Required work: Return, word for word, the line containing "Кроссовки уже доступны в Funky Dunky." and every line after it through the last line of the records below.

Working data:
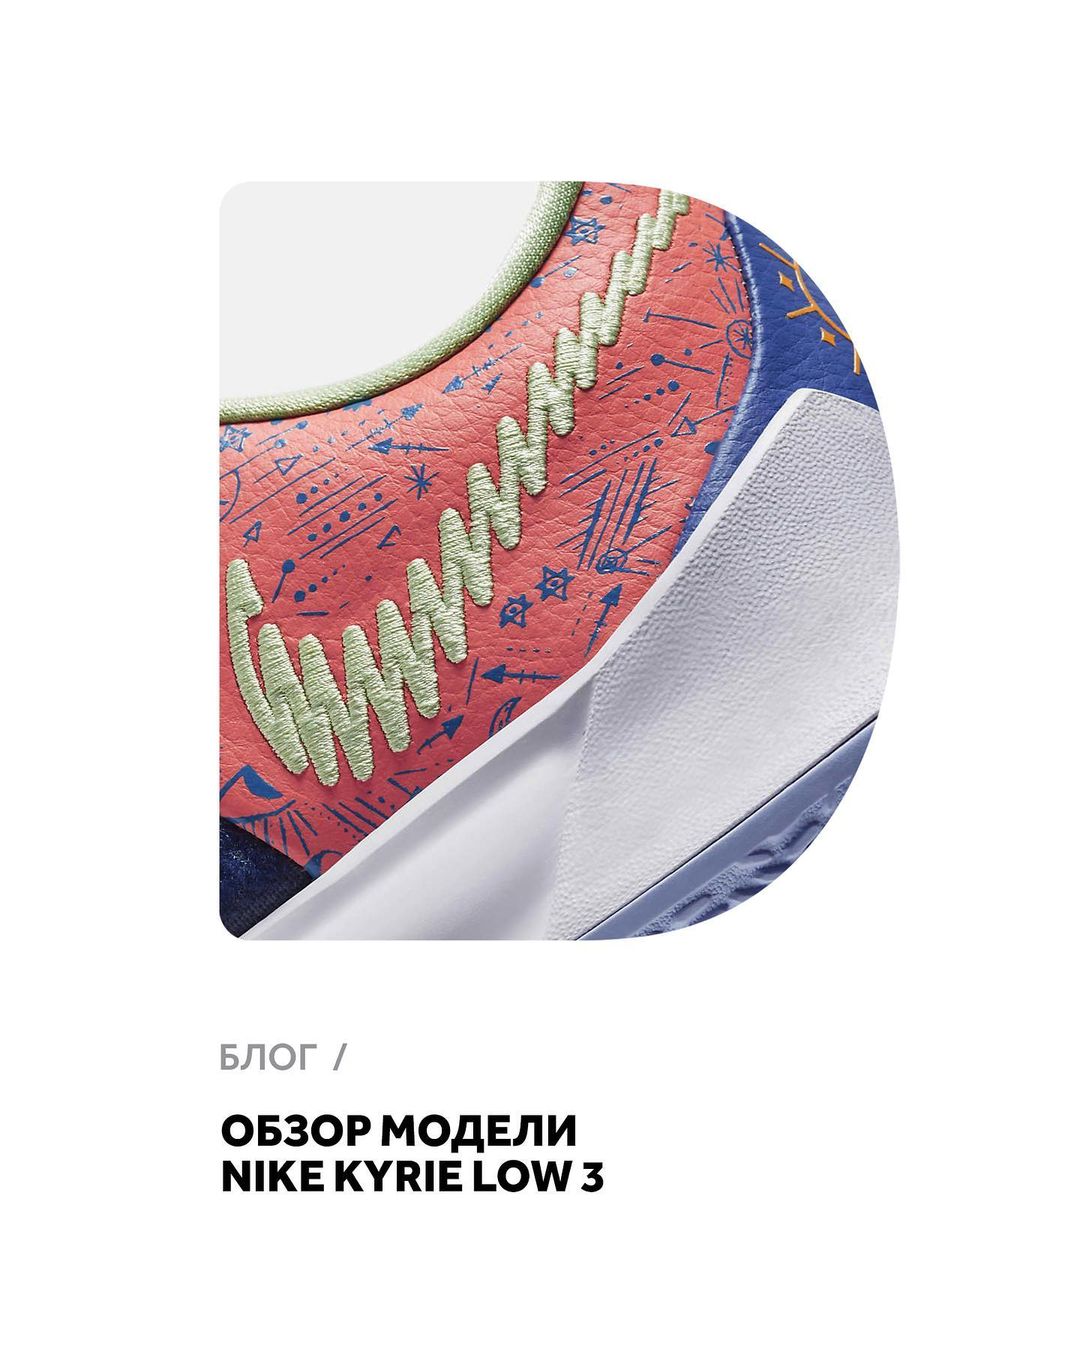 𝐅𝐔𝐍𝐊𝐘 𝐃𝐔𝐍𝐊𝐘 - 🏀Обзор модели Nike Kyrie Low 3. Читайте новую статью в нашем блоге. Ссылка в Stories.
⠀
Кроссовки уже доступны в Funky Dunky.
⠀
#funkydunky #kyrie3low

Answer box:
Кроссовки уже доступны в Funky Dunky.
⠀
#funkydunky #kyrie3low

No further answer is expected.